#### What you will do:
What must be handed in is the entire listing, exactly as written, with no pictures.

*** Data Section Begins ***

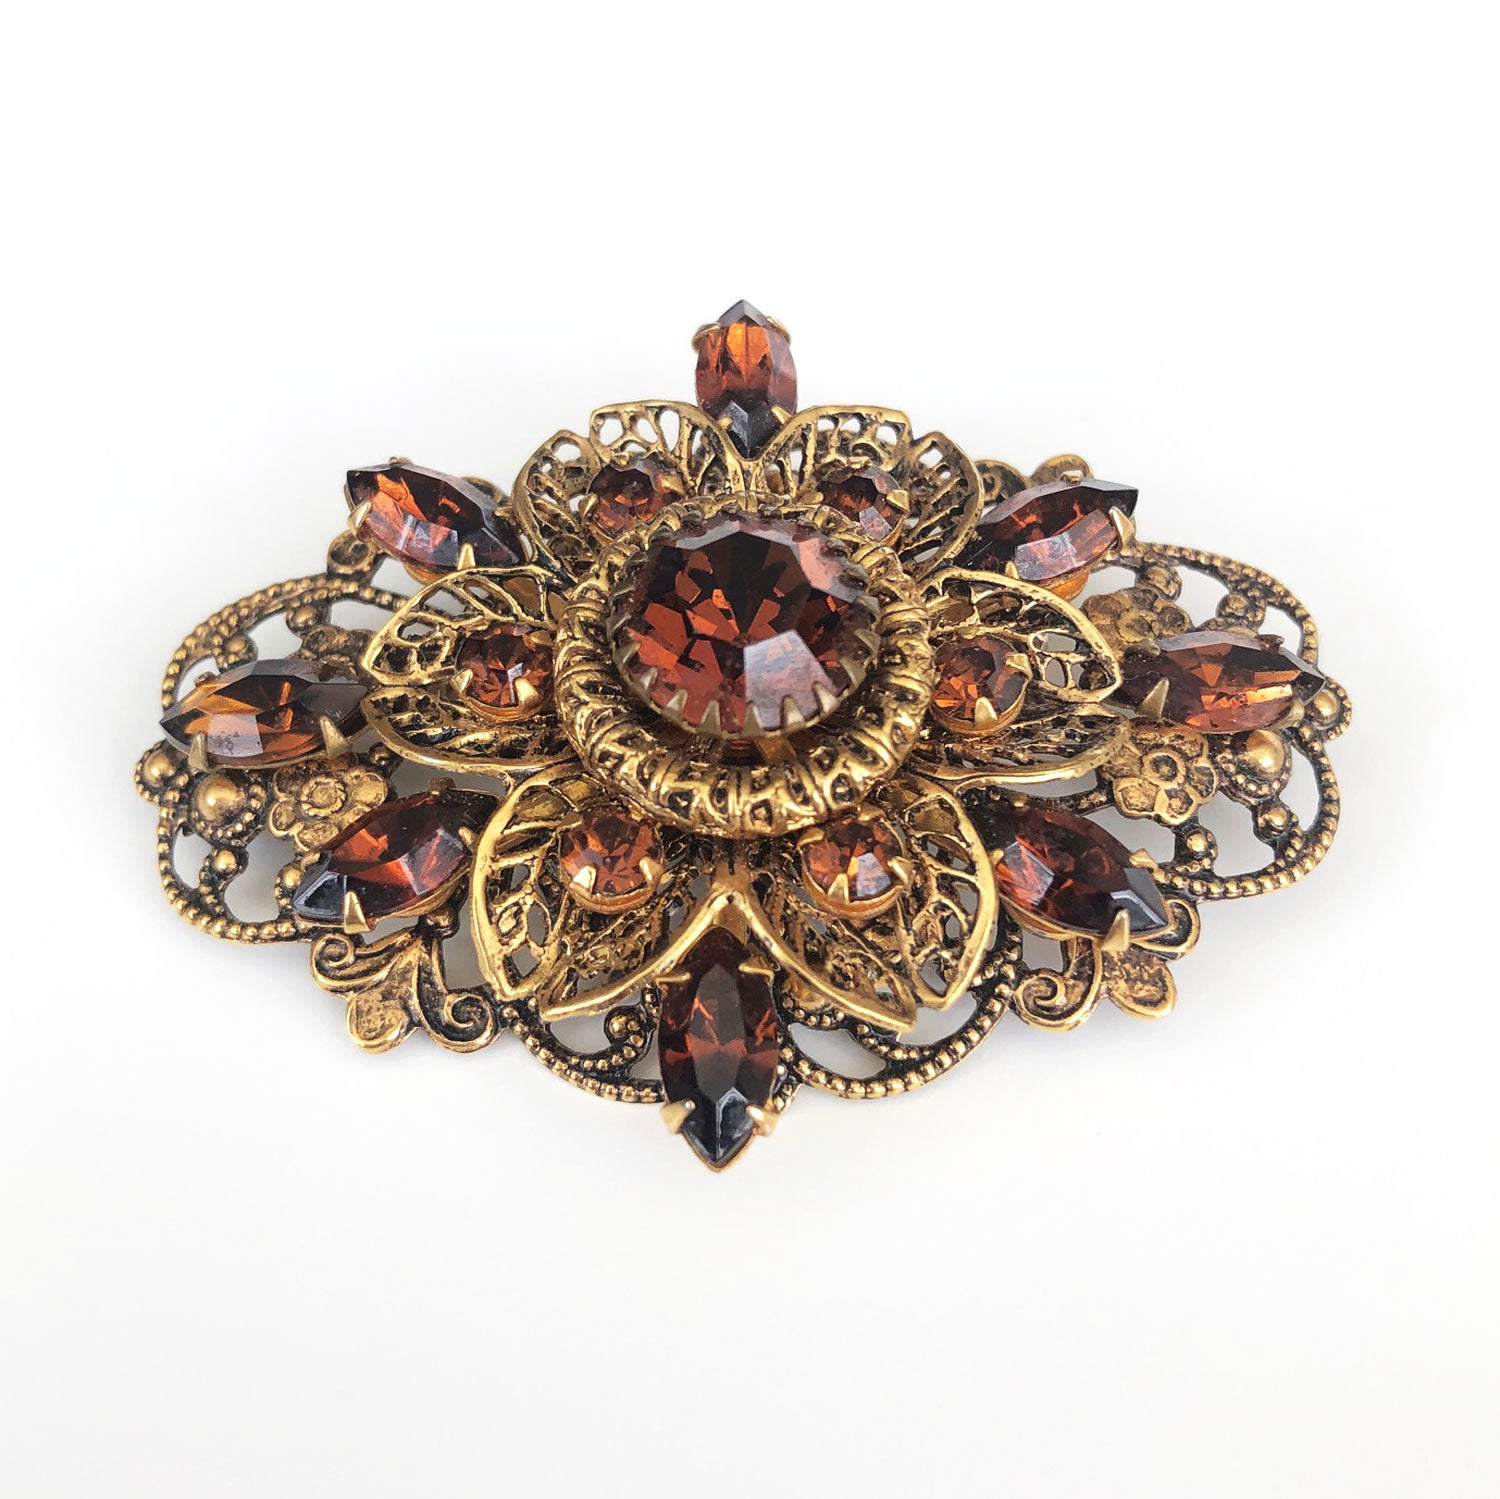 VIntage Brooches
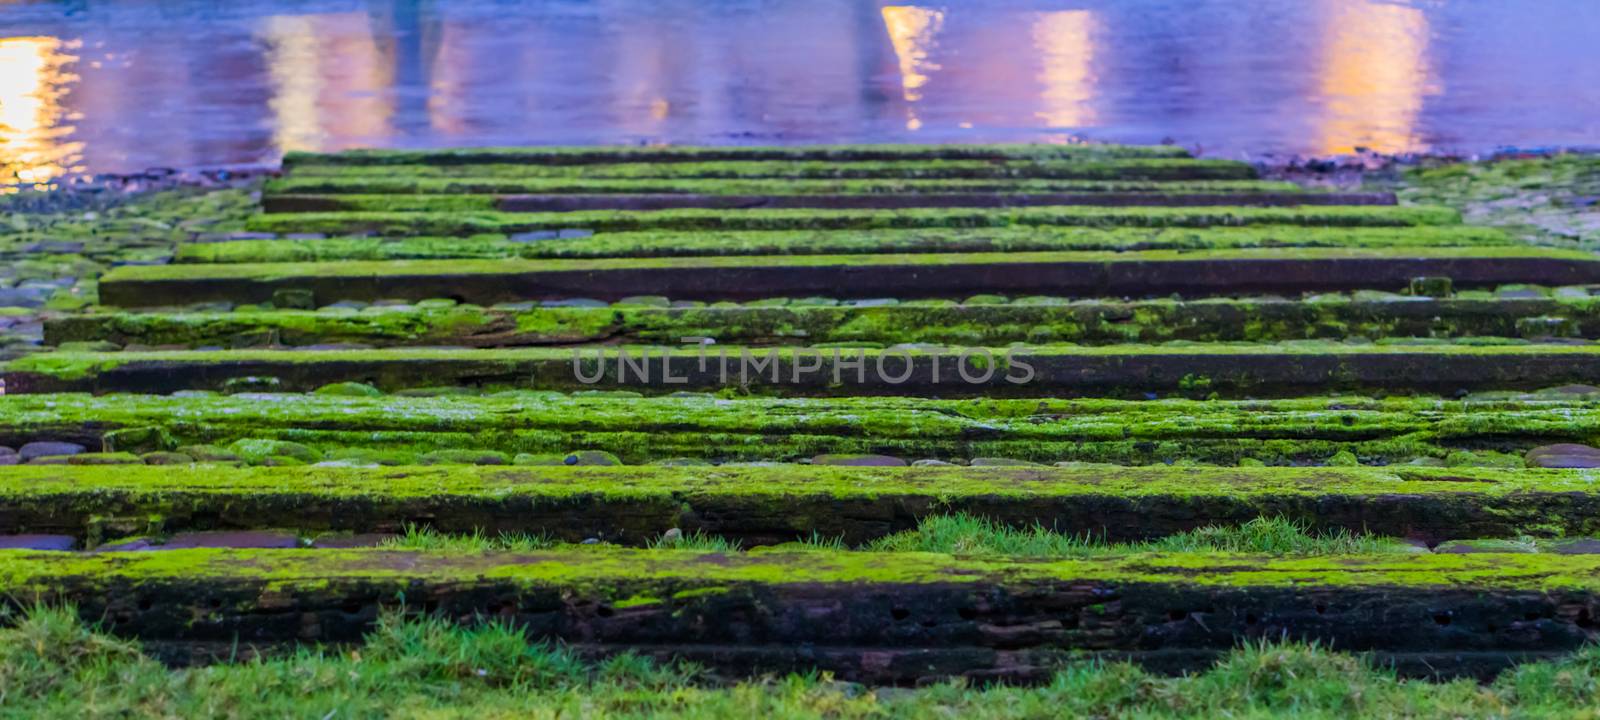 soothing nature background of mossy wooden beams and water reflecting light at night by charlottebleijenberg
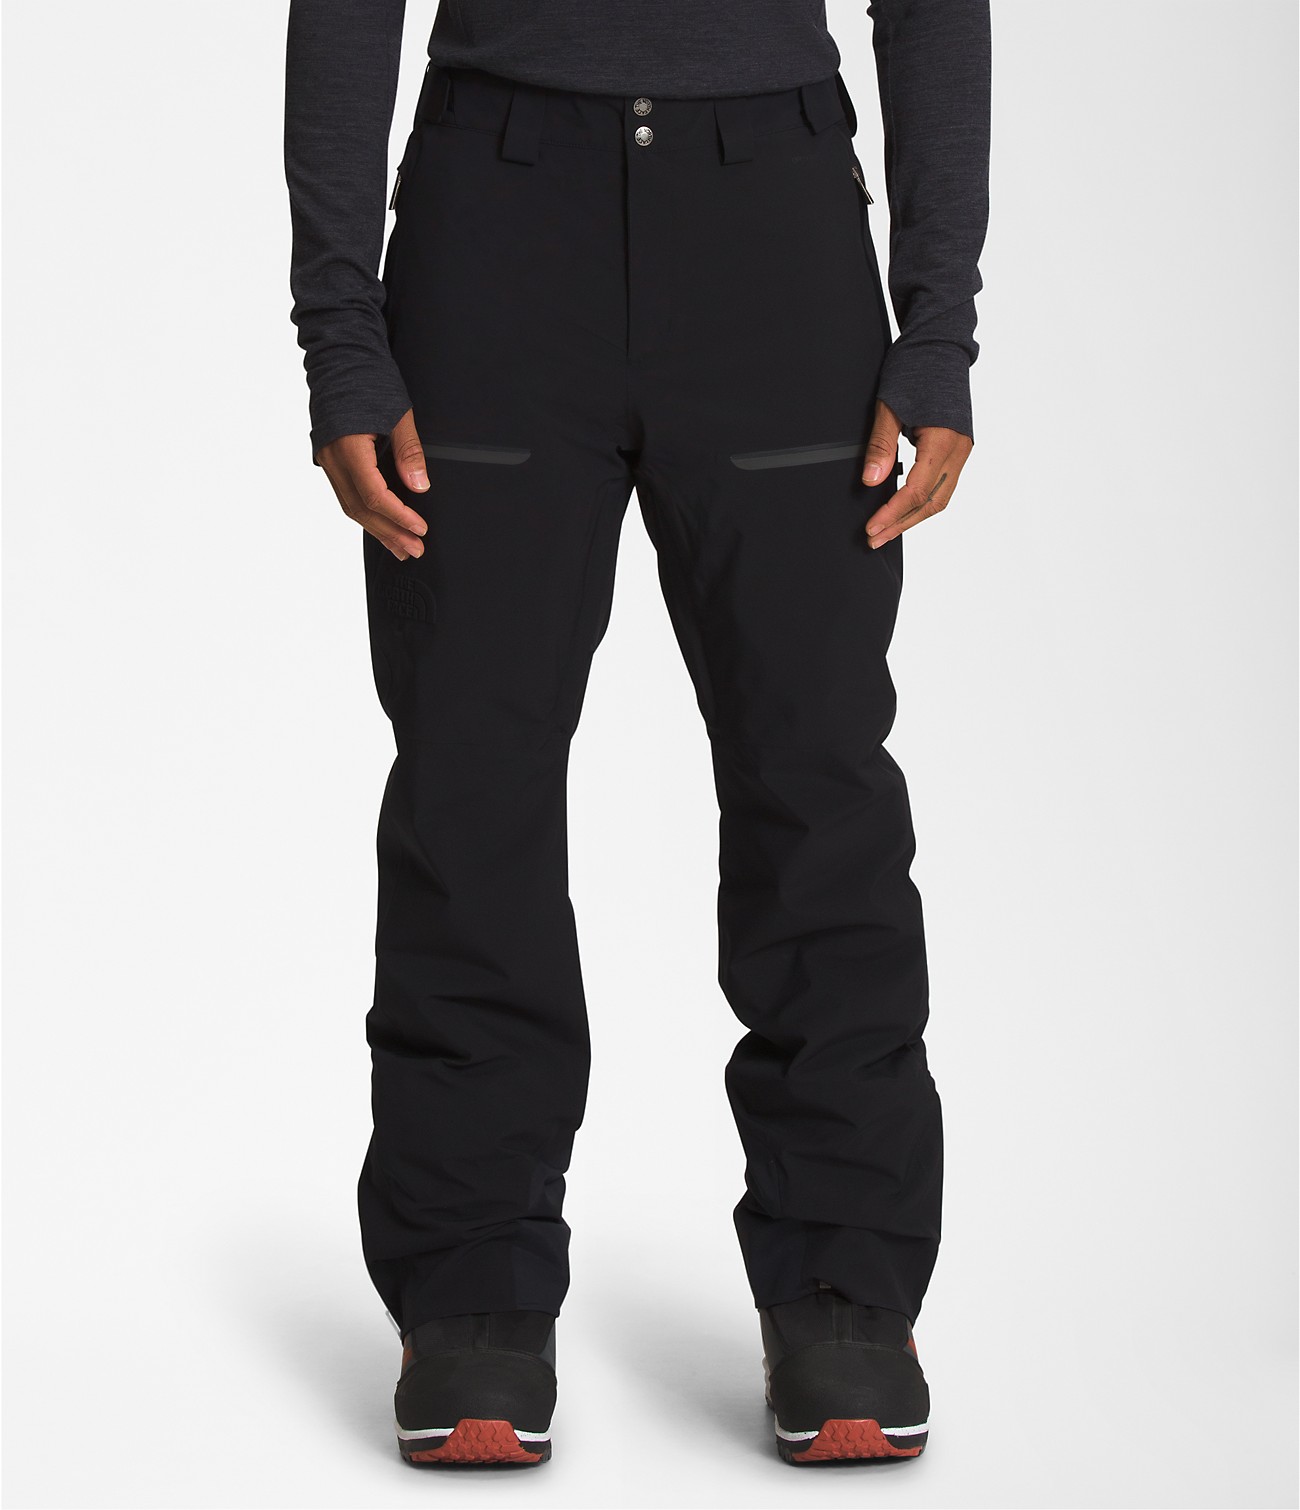 Unlock Wilderness' choice in the Spyder Vs North Face comparison, the Inclination Pants by The North Face

*** Data Section Ends ***

#### Result of this exercise:
 VIntage Brooches
 soothing nature background of mossy wooden beams and water reflecting light at night by charlottebleijenberg
 Unlock Wilderness' choice in the Spyder Vs North Face comparison, the Inclination Pants by The North Face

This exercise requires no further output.